The Hardest Thing

There are many things about the martial arts that are just plain hard. The training can be rigorous, the stances agonizing, the competition unfair and disappointing, the raise in skill levels infrequent.

But without a doubt one of the hardest things in the martial arts is to leave. Paul Simon had a song, “Fifty Ways to Leave Your Lover,” and in martial arts you need a truckload of ways. The calls for retreat or detour are just that frequent.

The time comes when some particularly beloved or even just obsessive development in your training requires you to cut ties, difficult but also mandatory. It is like that shot you don’t want to take, that herbal concoction you hate drinking, that rehabilitative exercise you can’t stand. There are bumps—hard bumps—in the road, often leaping at you out of the void.

cloudWhy leave your teacher? You realize, sadly, that he or she has nothing more for you, that the player has looped and you are watching the beginning of the movie again. Or there is some deep divergence in your views, especially regarding the future of your practice. Sometimes, though he had given you a lot, you realize that he is holding back or, just as bad, holding back the truth, his lineage, some favored practice he refuses to share. It’s like leaving home, only you can’t return a half hour later and pretend it was a joke.

Sometimes you must quit the school when you realize that this particular family might be a tad on the dysfunctional side.  The sparring class is like a yard full of birds spending all its time displacing those with less skill or drive. You have to exit when you realize that you are basically in a dating club with not that much martial stuff happening. You have to vanish when you suddenly get the inescapable fact that your beliefs are at odds with just about everyone in attendance. Perhaps there is a hidden problem: racism, exploitation, a morality like the enemies in Karate Kid. Some calls for action are undeniable.

You also may have to leave a style, or a practice or even just a certain form that no longer satisfies you. This is the natural price paid by the individual’s soul for the assurance of deeper understanding. There are times the thing you like the most becomes a burden, an obstacle, a hidden nemesis. This is not just a case of out-growing something, but the revelation that the perfectly smooth and straight road has turned itself inside out and become a crazy maze of a short cut. It is simply human to try and navigate your way out but, at some point, the game is up and the only thing to do is either backtrack or look for a short cut out of the short cut.

I have never known a top level martial artist who did not have to abandon some style, or skill or teacher at some point. The growth process requires making choices and then incorporating the results as best you can. Even those who  stay with the same martial family for years will admit that some things had to be lost for other benefits to arrive. It is a tricky business that often only reveals itself in hindsight, like so much of our destiny.

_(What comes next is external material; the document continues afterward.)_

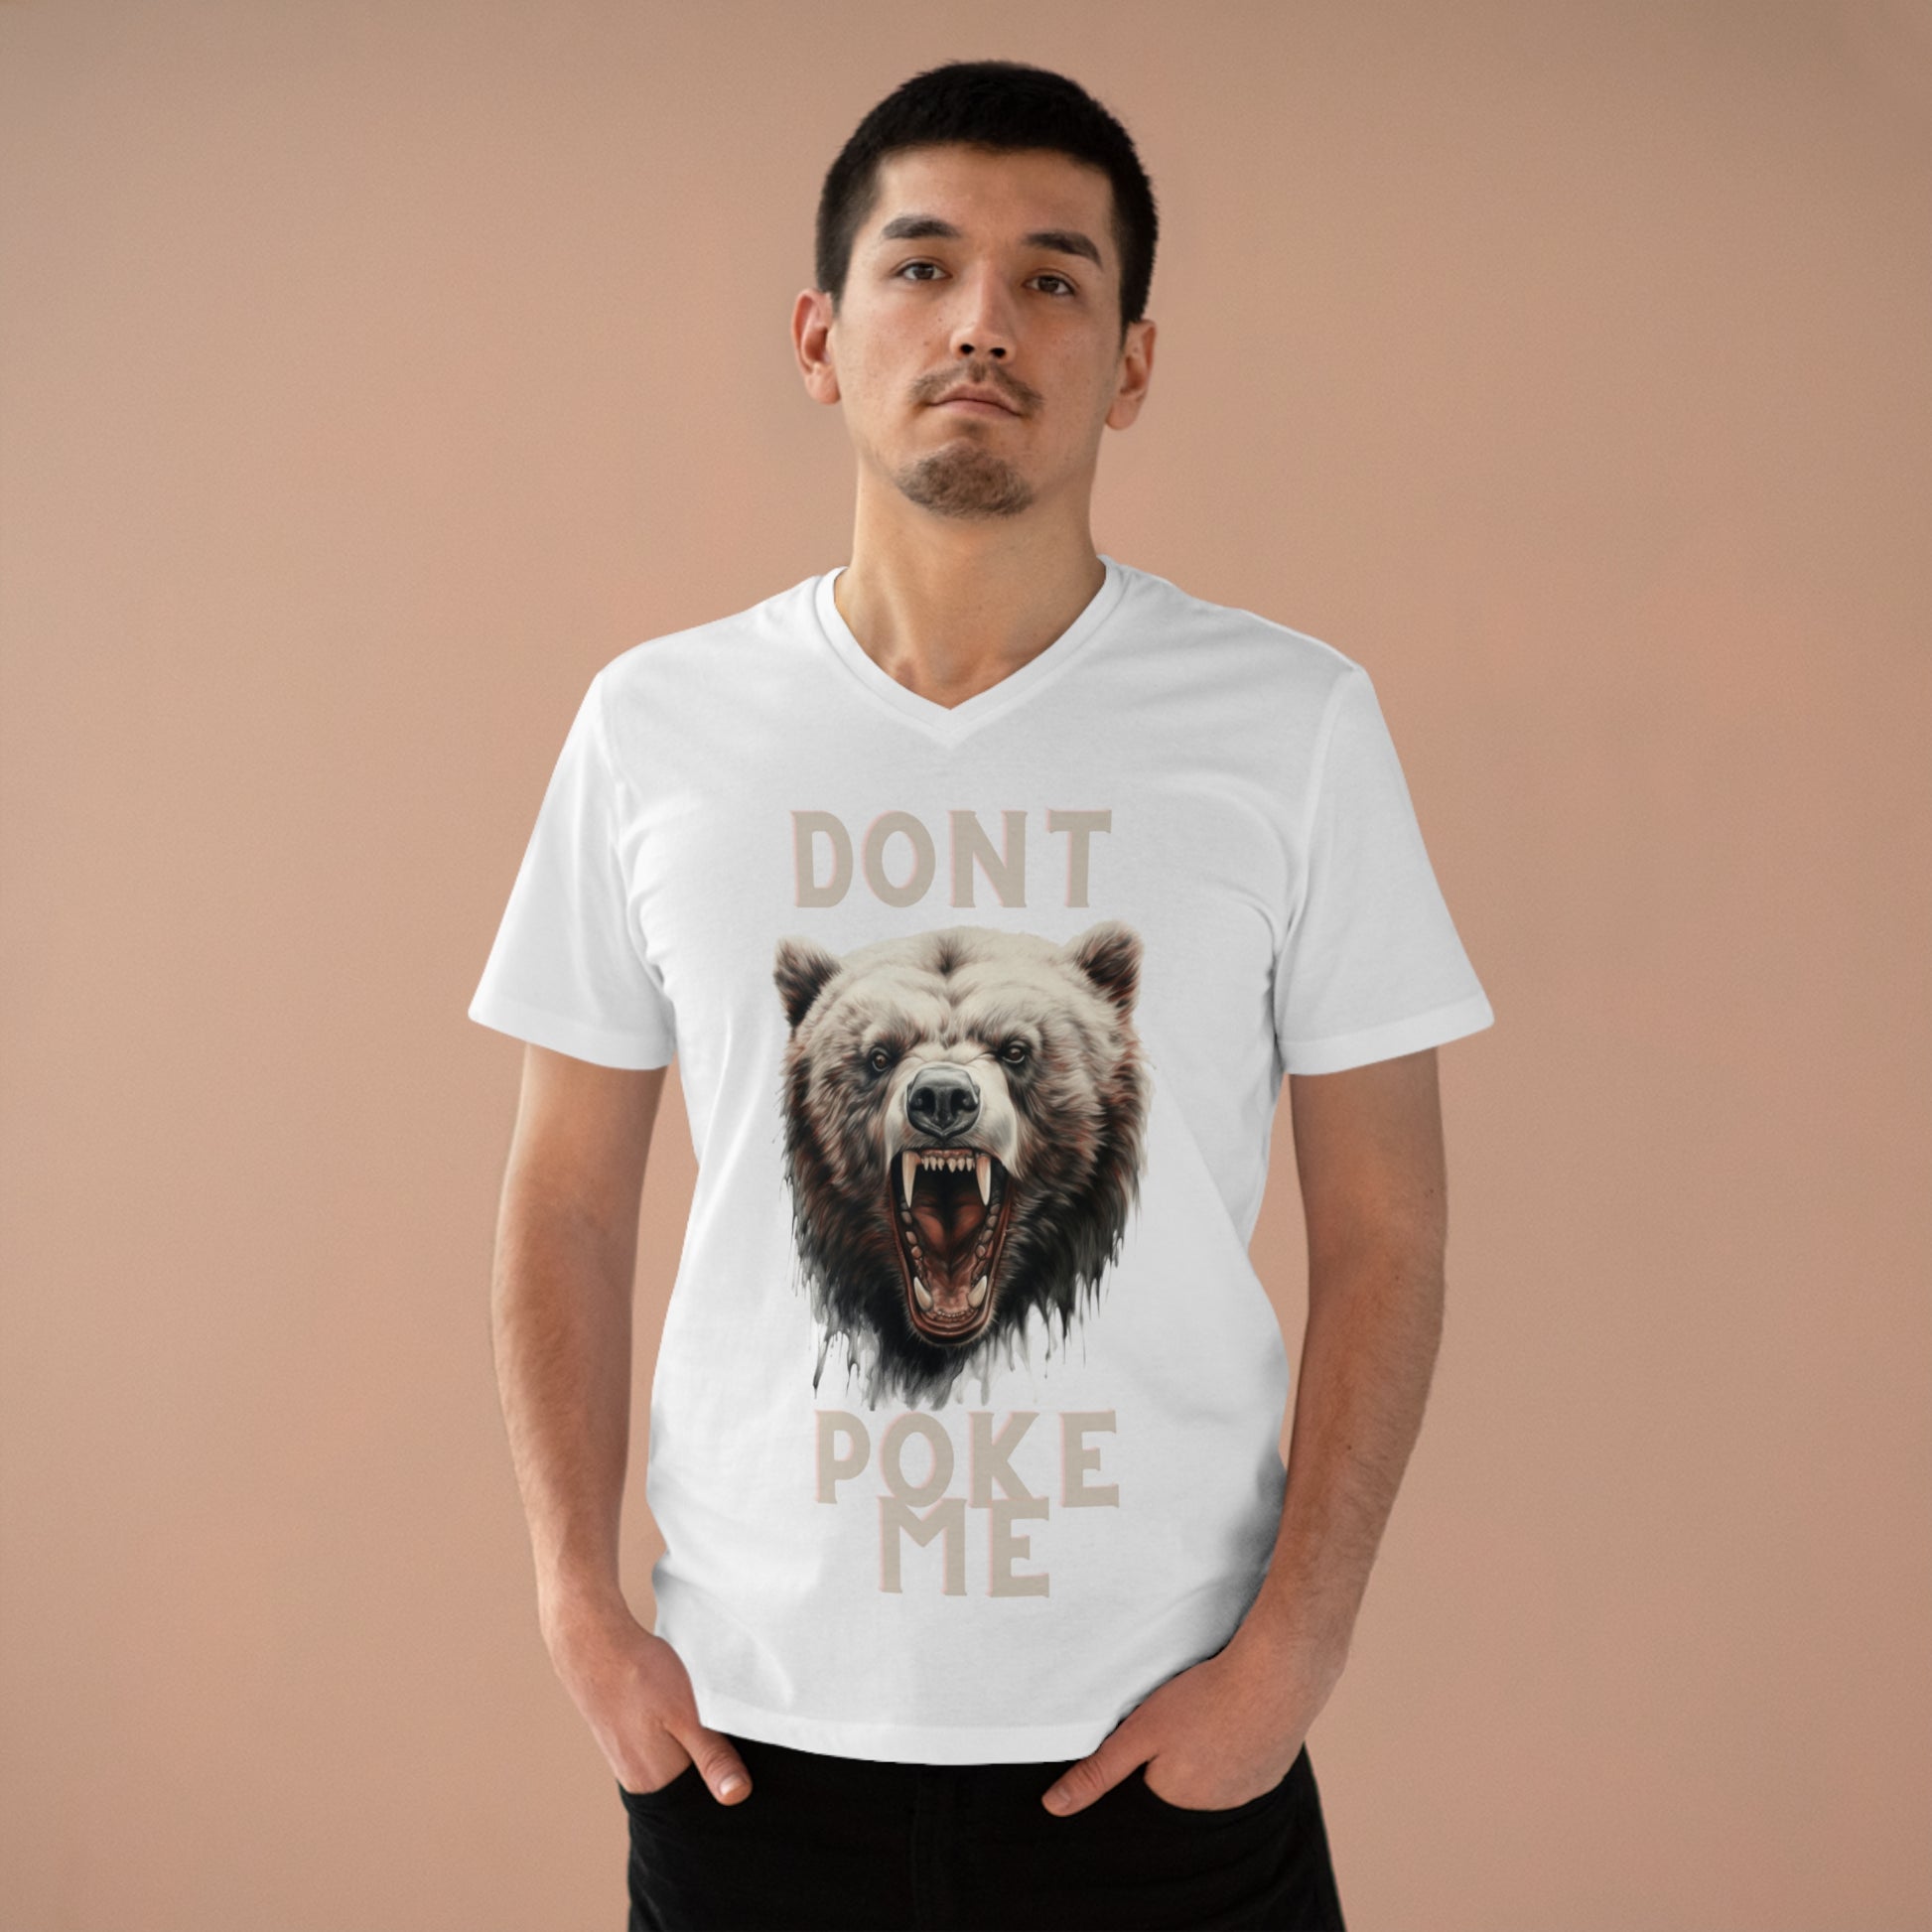 Angry Bear Close Up Men's Organic V-Neck T-Shirt X V-neck

4 Responses to “The Hardest Thing”

  1. So,So,True. Wonderful Insight. Thanks. Elliott.

  2. Jeff says:

    Or, like me, you could have started too late in life with a style that is simply too physically demanding. Taekwondo, for example. Once you reach a certain level, the kicks that are required become impossible for someone who isn’t 20 years old or been doing it all their life.

  3. Steve W says:

    Thanks Ted,

    That article really resonated. I left my teacher in 2006 after 12 years of training. I got a lot from him …. especially watching his body movements (Yang and Sun style taichi, Hsingyi, and bagua), but I realized that I wanted to focus on the internal and he kept on presenting more forms …. even when I scheduled private lessons.

    Earlier he himself had said “when your boat gets to the opposite shore, get out of the boat.” It took me awhile to realize that I had reached “the opposite shore” with respect to the prospects for our future interaction, but when I did realize that, I “got out of the boat” and have never regretted that. I have made significant progress toward MY GOALS in the interim.

    Thanks again for the article.

    Steve W.

  4. I love the insights, the way you remind us that our martial arts are about contributing to our development as people. Thanks for this, for making me think about life (and hi Debbie, thanks for your email acknowledgement, I know it was a while ago sorry.)